At this point, I, and I believe everyone else in the room, was agog. I could scarcely believe what was occurring on stage. But Prof. Brindley was not satisfied. He looked down sceptically at his pants and shook his head with dismay. ‘Unfortunately, this doesn’t display the results clearly enough’. He then summarily dropped his trousers and shorts, revealing a long, thin, clearly erect penis. There was not a sound in the room. Everyone had stopped breathing.
But the mere public showing of his erection from the podium was not sufficient. He paused, and seemed to ponder his next move. The sense of drama in the room was palpable.

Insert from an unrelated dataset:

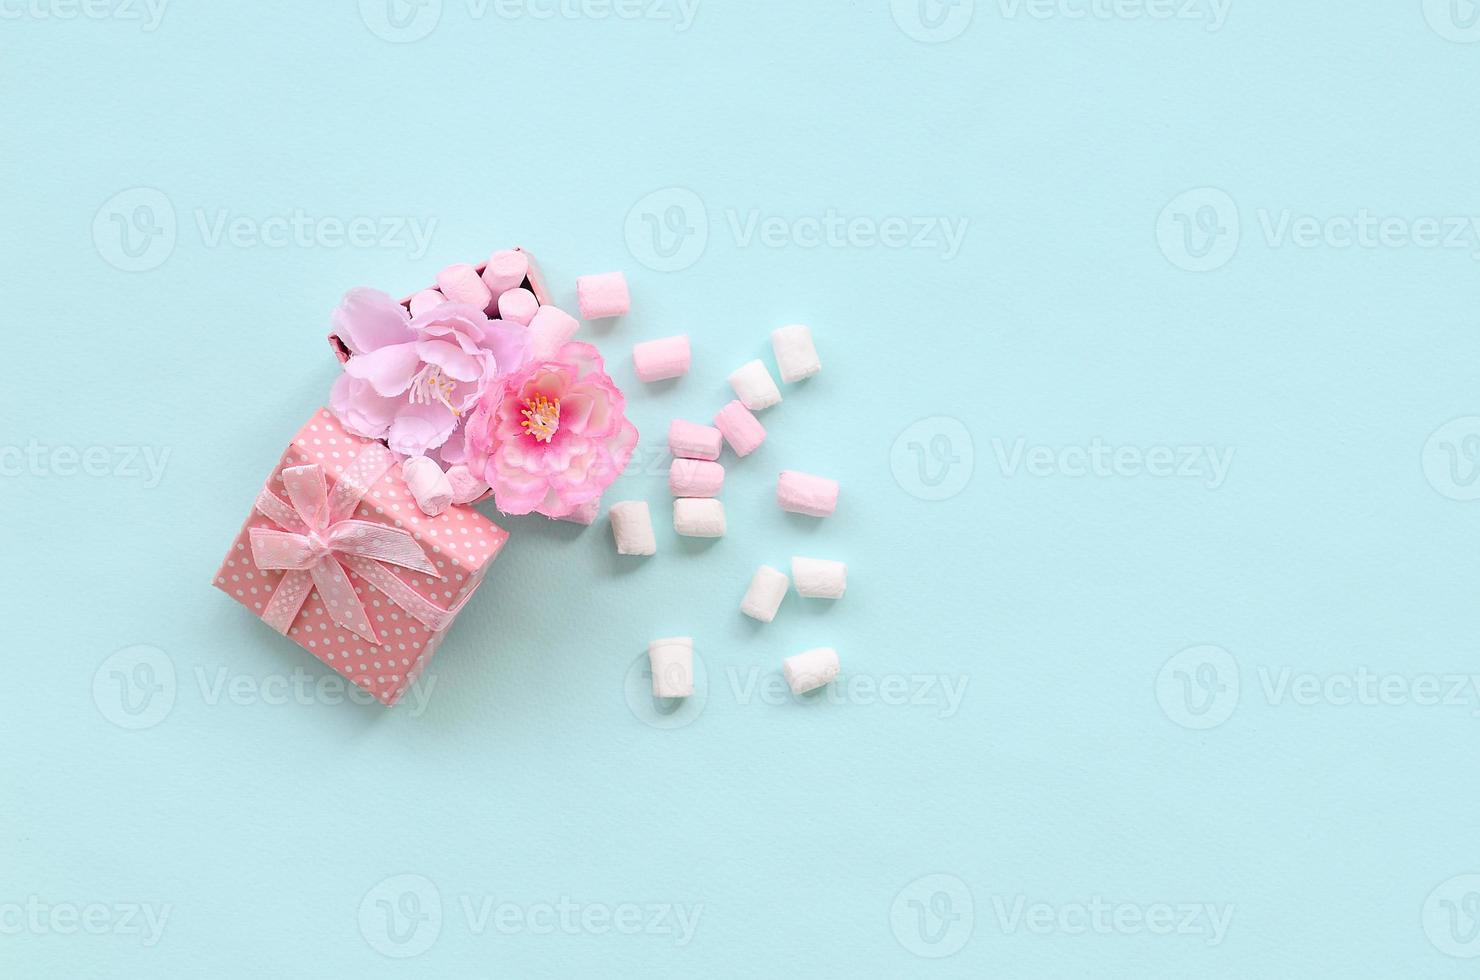 bloemrijke roze geschenkdoos besprenkeld met marshmallows op blauwe achtergrond foto

He then said, with gravity, ‘I’d like to give some of the audience the opportunity to confirm the degree of tumescence’. With his pants at his knees, he waddled down the stairs, approaching (to their horror) the urologists and their partners in the front row. As he approached them, erection waggling before him, four or five of the women in the front rows threw their arms up in the air, seemingly in unison, and screamed loudly. The scientific merits of the presentation had been overwhelmed, for them, by the novel and unusual mode of demonstrating the results.
The screams seemed to shock Professor Brindley, who rapidly pulled up his trousers, returned to the podium, and terminated the lecture.
Klotz adds, “Professor Brindley made a huge contribution to the management of ED, for which he deserves tremendous gratitude. He was a true lateral thinker, and applied his unique mind to a variety of problems in medicine.”
The use of the word ‘fall’ or ‘the fall’ to mean autumn is commonly assumed to be an Americanism, but in fact it is found in the works of Michael Drayton (1563-1631), Thomas Middleton (1580-1627) and Sir Walter Ralegh (?1554-1618).